I stared at my terminal for 20 minutes trying to figure out why my Hermes Agent kept forgetting everything between sessions. Same context. Same prompts. Same frustration. Then I discovered skills, the extensibility layer that turns a bare agent into something that actually remembers how you work.

Here's exactly how to build your first Hermes skill from scratch, including the mistakes I made that you don't have to repeat. By the end, you'll have a working skill that teaches your agent your conventions, your tools, and your workflow.

I've published 6 skills so far. Three failed spectacularly before I figured out what actually works. This walkthrough compresses those failures into a path you can follow in about 30 minutes, start to finish.

What Are Skills, Actually?

Think of skills as your agent's procedural memory. They're not prompts, they're structured documents that tell your agent how to handle specific tasks the way you want them handled. The difference matters.

A prompt says "write tests." A skill says "use pytest with xdist, put fixtures in conftest.py, run with coverage thresholds, and here's what to do when the database migrations fail." See the gap?

Skills are reusable procedures, not one-shot instructions.

Hermes skills live as SKILL.md files with YAML frontmatter. When the agent encounters a task that matches the skill's domain, it loads the full instructions and follows them. Every time. Consistently. Without you having to re-explain your preferences.

The first time I realized this power was when I stopped typing "remember to use tabs not spaces" in every conversation. I put it in a skill. The agent just... followed it. Forever. That moment of silence, not having to repeat myself, that's when skills clicked for me.

The Anatomy of a SKILL.md

Every skill has two parts: the frontmatter (metadata) and the body (instructions). Get either wrong and your skill either won't load or won't work. I learned this the hard way when my first skill, a code review checklist, kept getting ignored because I misspelled trigger_conditions in the frontmatter.

---
name: my-awesome-skill
category: productivity
description: "Short description of what this skill does"
version: 1.0.0
author: Your Name
platforms: [linux, macos]
metadata:
  hermes:
    tags: [your, tags]
    prerequisites:
      skills: []
---

The frontmatter is YAML wrapped in --- delimiters. The body is Markdown. That's it. That's the whole structure. Simple, but strict.

Pro tip: Always include version and platforms. I skipped them on my second skill and spent 40 minutes debugging why it wouldn't load on my colleague's Mac. It was a platform filter. Don't be me.

Here's something nobody tells you: the category field affects discovery. Hermes uses it to surface relevant skills when it detects task types. If you pick "creative" for a code review skill, it might never appear when you need it. Match the category to the actual work.

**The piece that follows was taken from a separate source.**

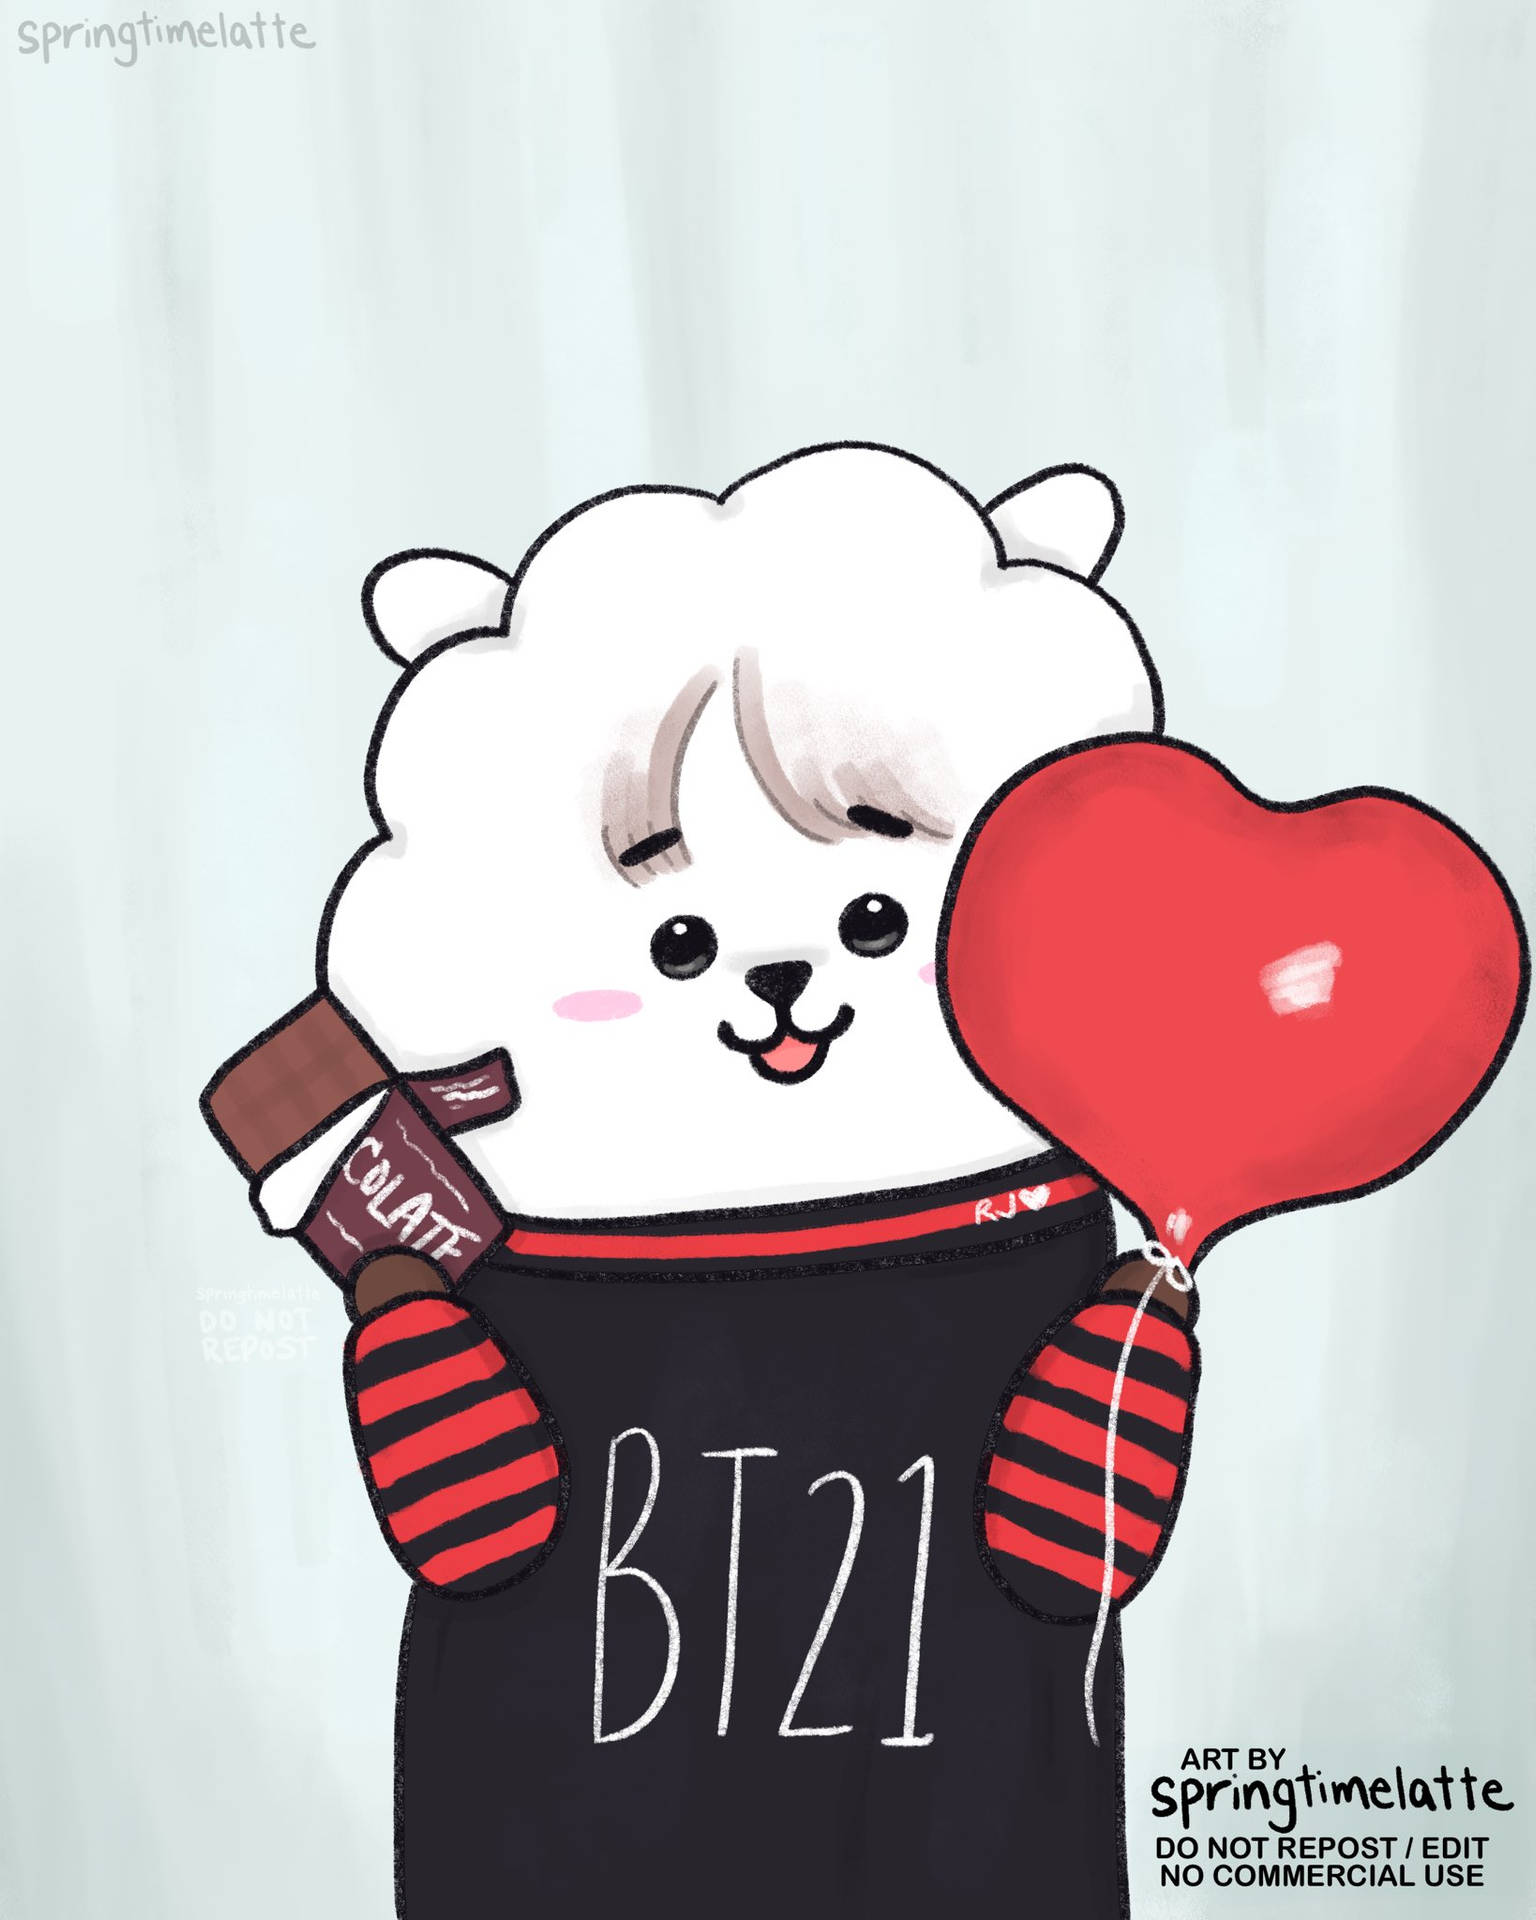 Caption: Cheerful Rj Bt21 Showing Off Its Charming Smile Background
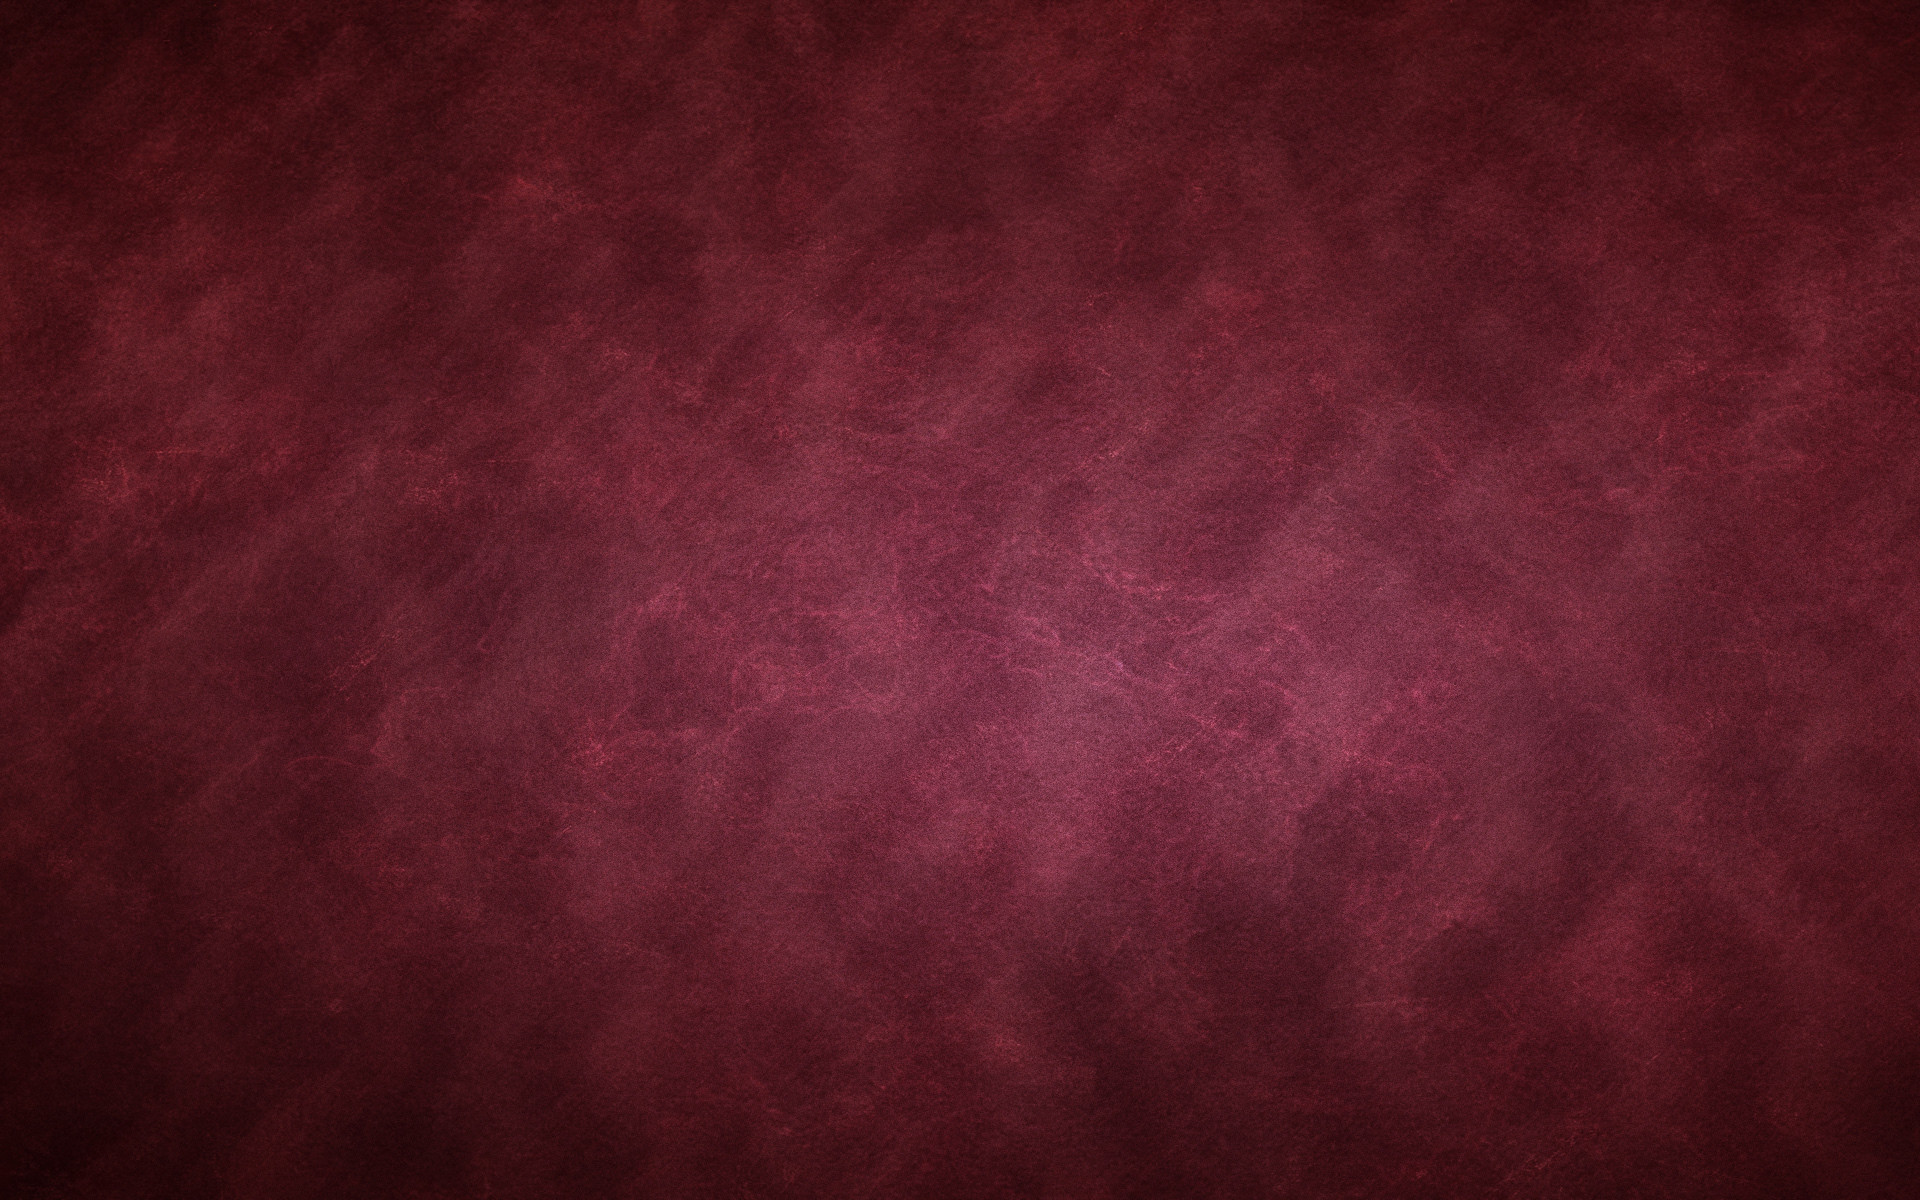 free-download-blank-card-with-burgundy-background-zazzlecom-blank-cards

Step 1: Pick Something You Actually Do Repeatedly

This is where most people go wrong. They build skills for hypothetical scenarios instead of real workflows. I once built a "microservice deployment orchestrator" skill that I never used because my actual deployment was just three kubectl commands I kept copy-pasting.

Instead, look for tasks you do at least twice a week where you find yourself giving the same instructions repeatedly. For me, it was:

Setting up new project repositories with my preferred structure
Running my pre-commit checklist (lint, format, test, build)
Generating API documentation from OpenAPI specs
Onboarding explanations of how our monorepo is organized

Those repeated instructions are gold. They're skill candidates.

The test: If you've explained something to the agent more than twice, it's a skill candidate. If you only do it once a month, skip it. Save your effort for the tasks where the compounding payoff is real.

I keep a notes file where I jot down things I find myself repeating. After a week, I review it. The items that appear 3+ times become skills. Sounds low-tech. Works perfectly.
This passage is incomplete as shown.